ScrubData planner — Qwen3-4B fine-tuned for tabular cleaning plans
A ≤4B planner for hands-off data cleaning: it reads an aggregated column profile (per-value frequency counts) and emits a structured JSON cleaning plan that a deterministic pandas executor applies. Built for the Build Small Hackathon (🏡 Backyard AI · Tiny Titan · Well-Tuned).
Live demo: https://huggingface.co/spaces/build-small-hackathon/scrubdata ·
Code/paper: see the Space repo (docs/paper/) · Traces:
build-small-hackathon/scrubdata-traces
What's special about the training data
Every training example is execution-verified: a candidate (dirty table, plan) pair is kept only if running the executor on it provably recovers the known-clean table. Mix: synthetic high-cardinality categorical tables (Zipf long-tail + realistic typos) + 20% real-derived pairs from the Raha benchmarks (cell-aligned, learnable canonicalizations only).
Shipped composition (WS1 — verified union planner): in the product, every
model-proposed mapping is scored by a deterministic verifier (errors-are-rare frequency
gates, variant similarity, reference agreement; threshold SCRUBDATA_TAU, default 0.5)

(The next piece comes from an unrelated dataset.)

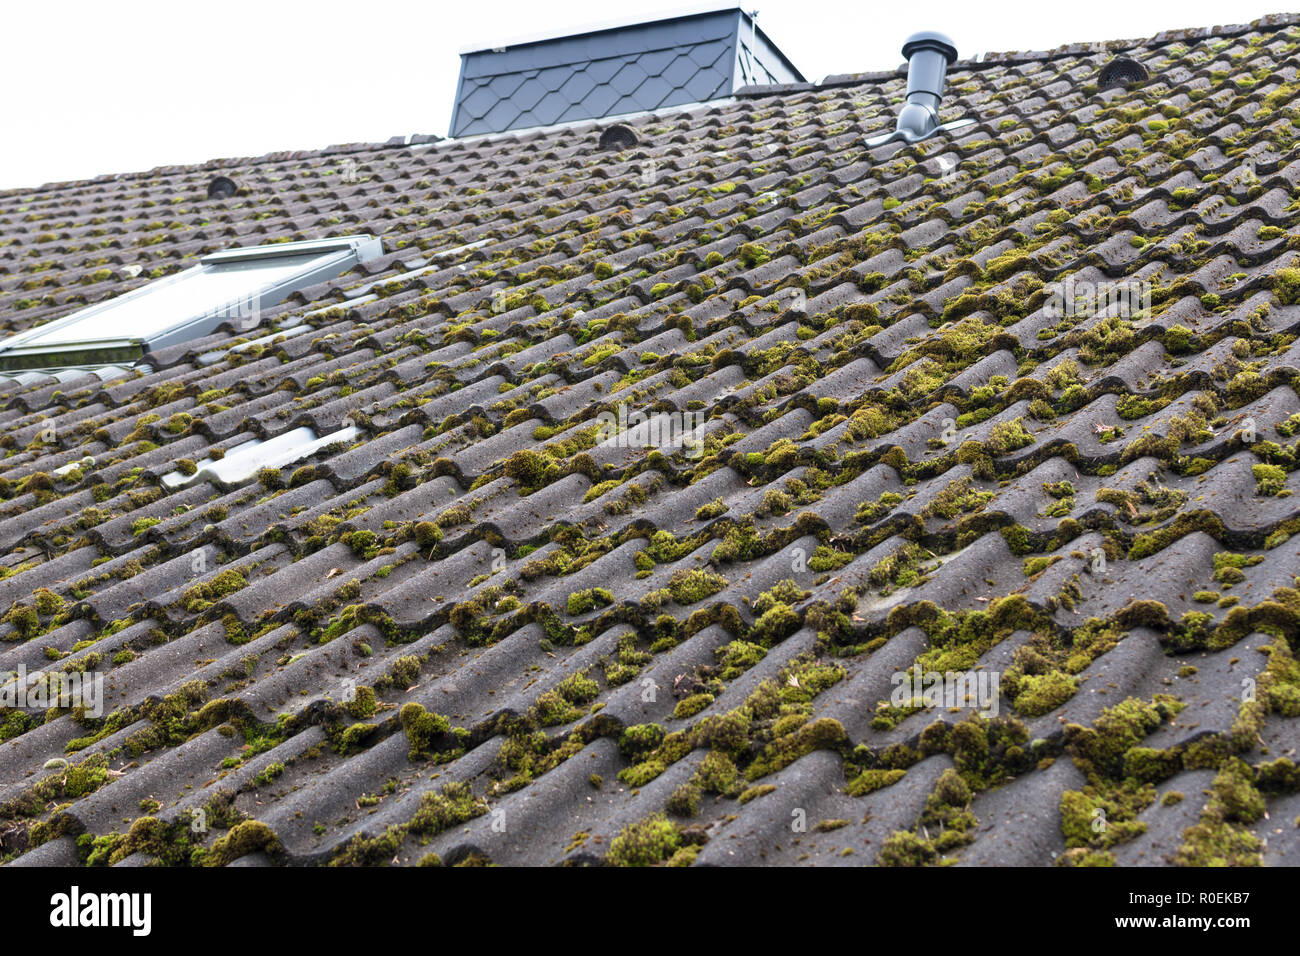 Roof tiles covered by moss Stock Photo

and unioned with the grounded heuristic. Measured on hospital's 509 real errors:
0.905 precision @ 0.413 coverage (gated model plan alone: 0.993 @ 0.287 — 146/147
committed changes correct; seed-robust: 0.891 ± 0.012 @ 0.396 ± 0.025 over 3 training
seeds). Dropped merges become review flags, never silent skips.
Measured
- Canonicalization micro-F1 0.90 (vs 0.45 for a much larger zero-shot generic model, 0.13 for a rule heuristic) on frozen held-out gold.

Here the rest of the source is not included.